*** DATASET SECTION ***
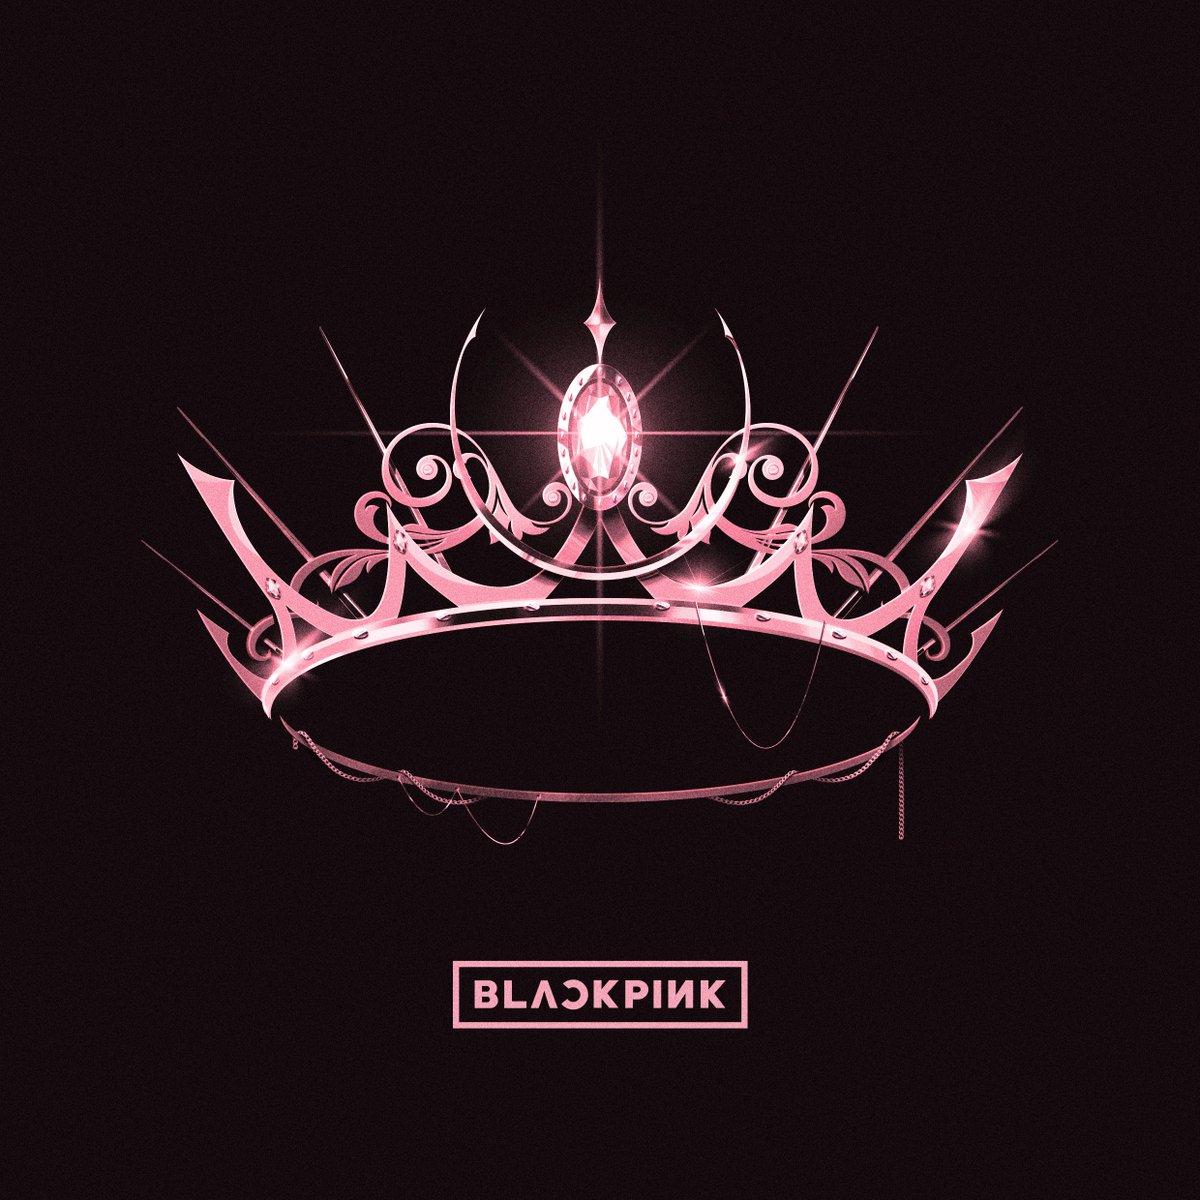 #BLACKPINK 1st Full Album [THE ALBUM] Notice has been uploaded ▶️facebook.com/BLACKPINKOFFIC… #블랙핑크 #JISOO #JENNIE #ROSÉ #LISA #YG
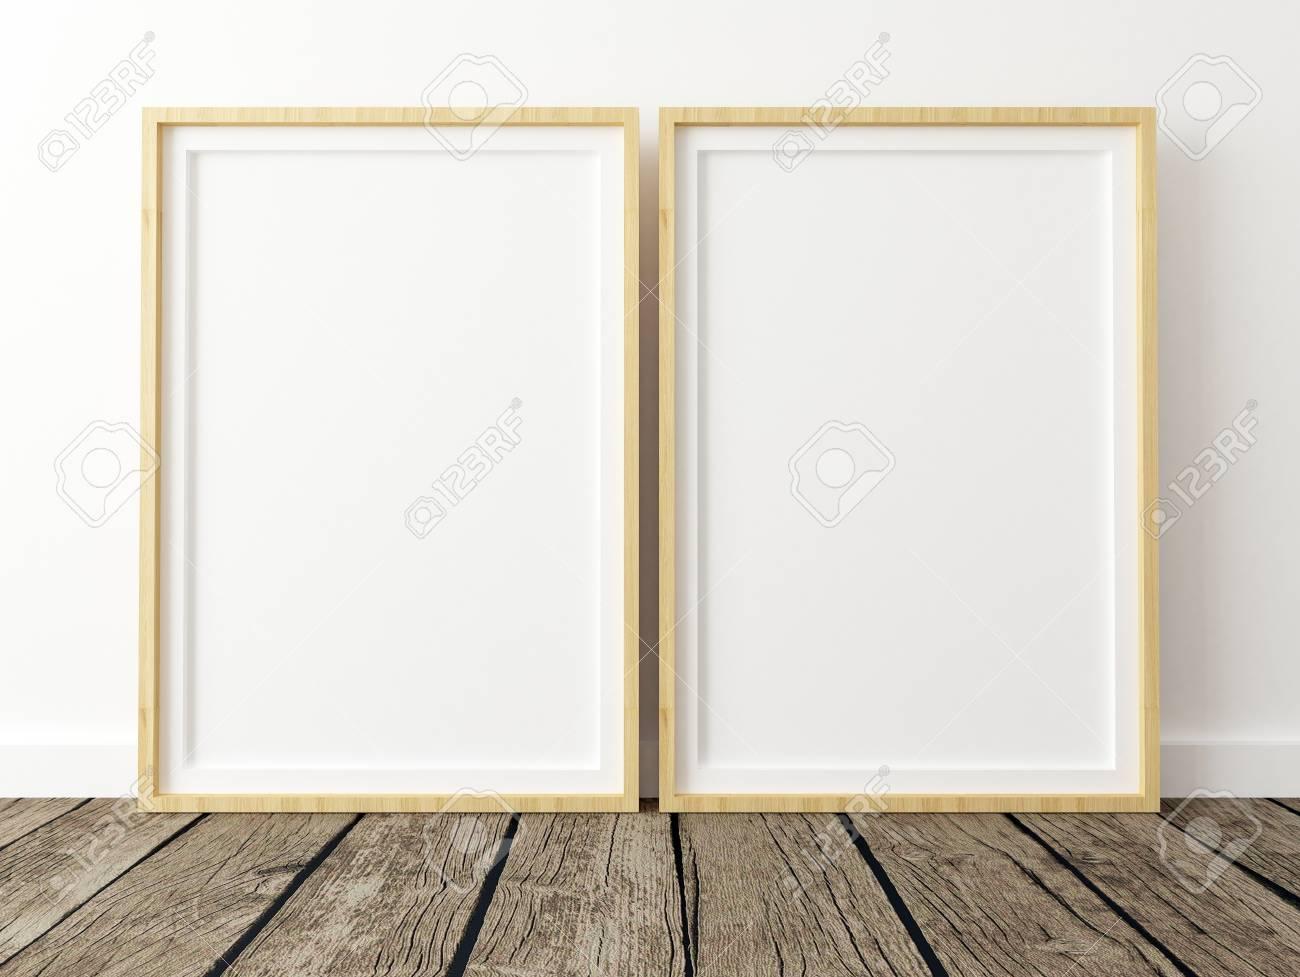 Set of 2 Poster Frame Mockups on White Wall - 77368957
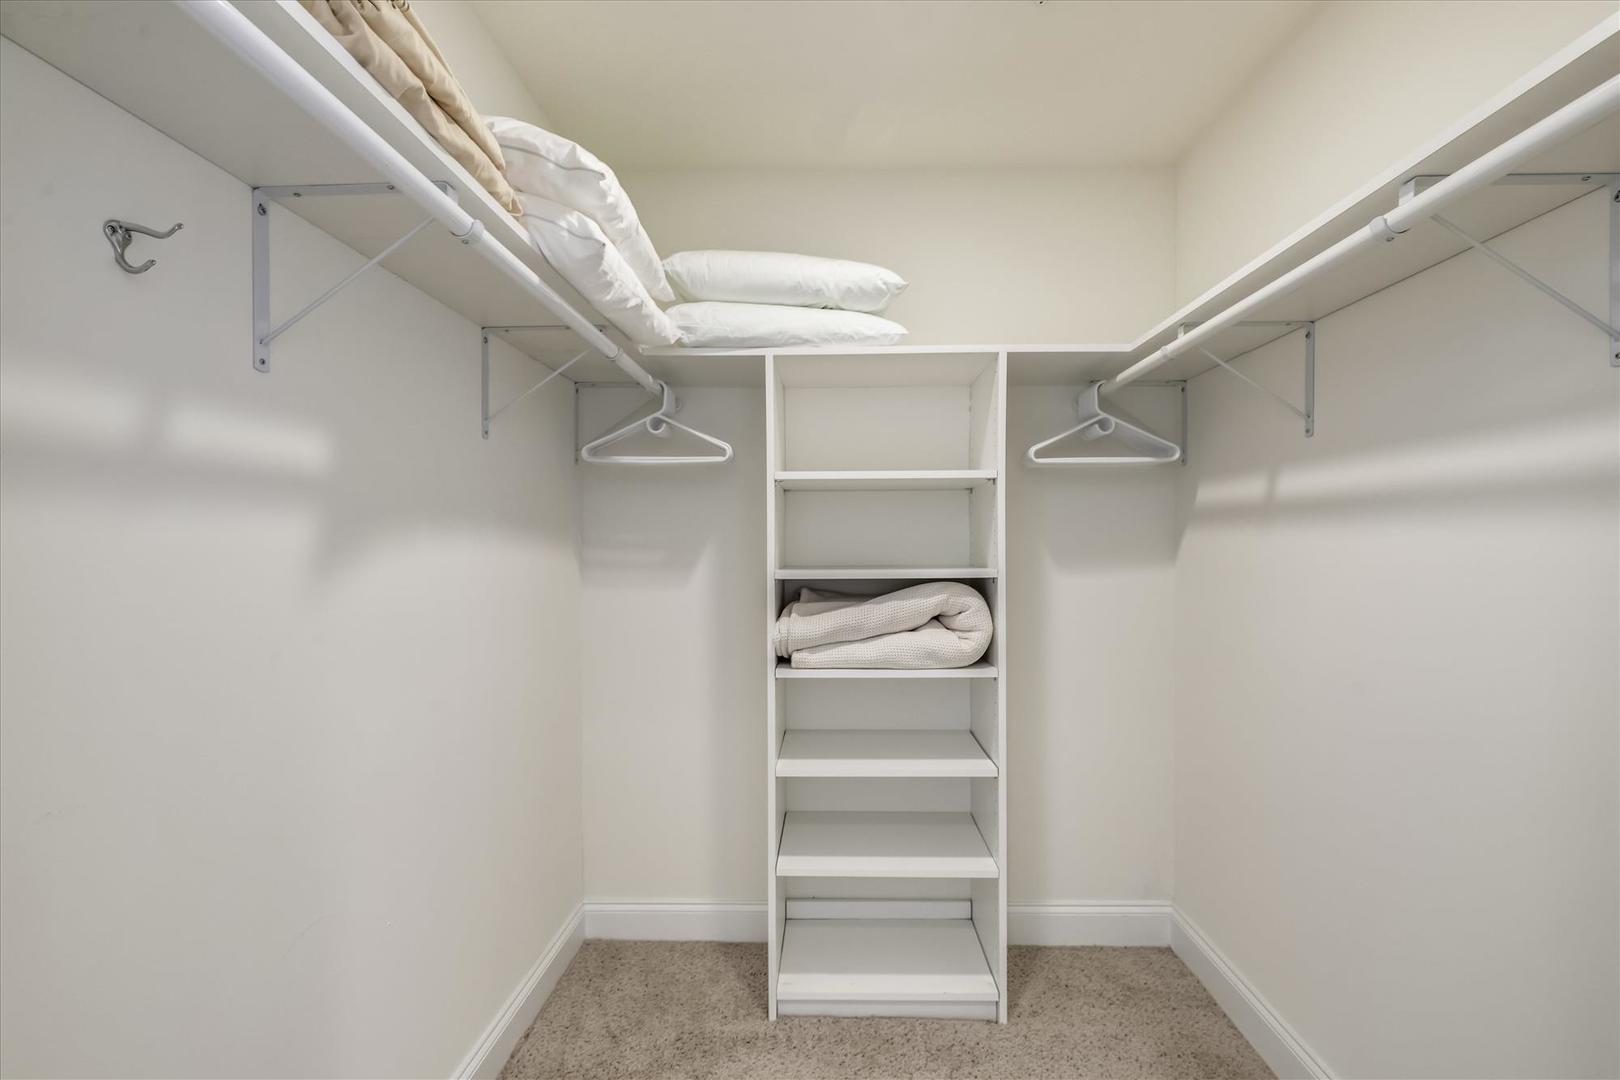 South Beach 304 - Walk-In Closet
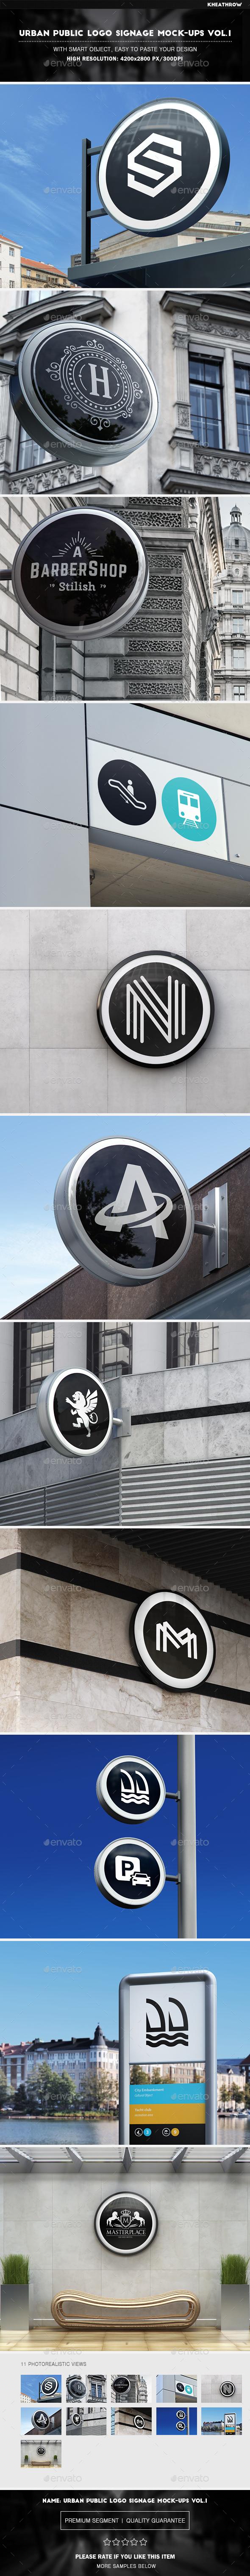 Urban Public Logo Signage Mock-Ups Vol.1 - Logo Product Mock-Ups
***
Only the lines from the one with "Set of 2 Poster" through the end of the listing above should be output, exactly as written and with no pictures.

 Set of 2 Poster Frame Mockups on White Wall - 77368957
 South Beach 304 - Walk-In Closet
 Urban Public Logo Signage Mock-Ups Vol.1 - Logo Product Mock-Ups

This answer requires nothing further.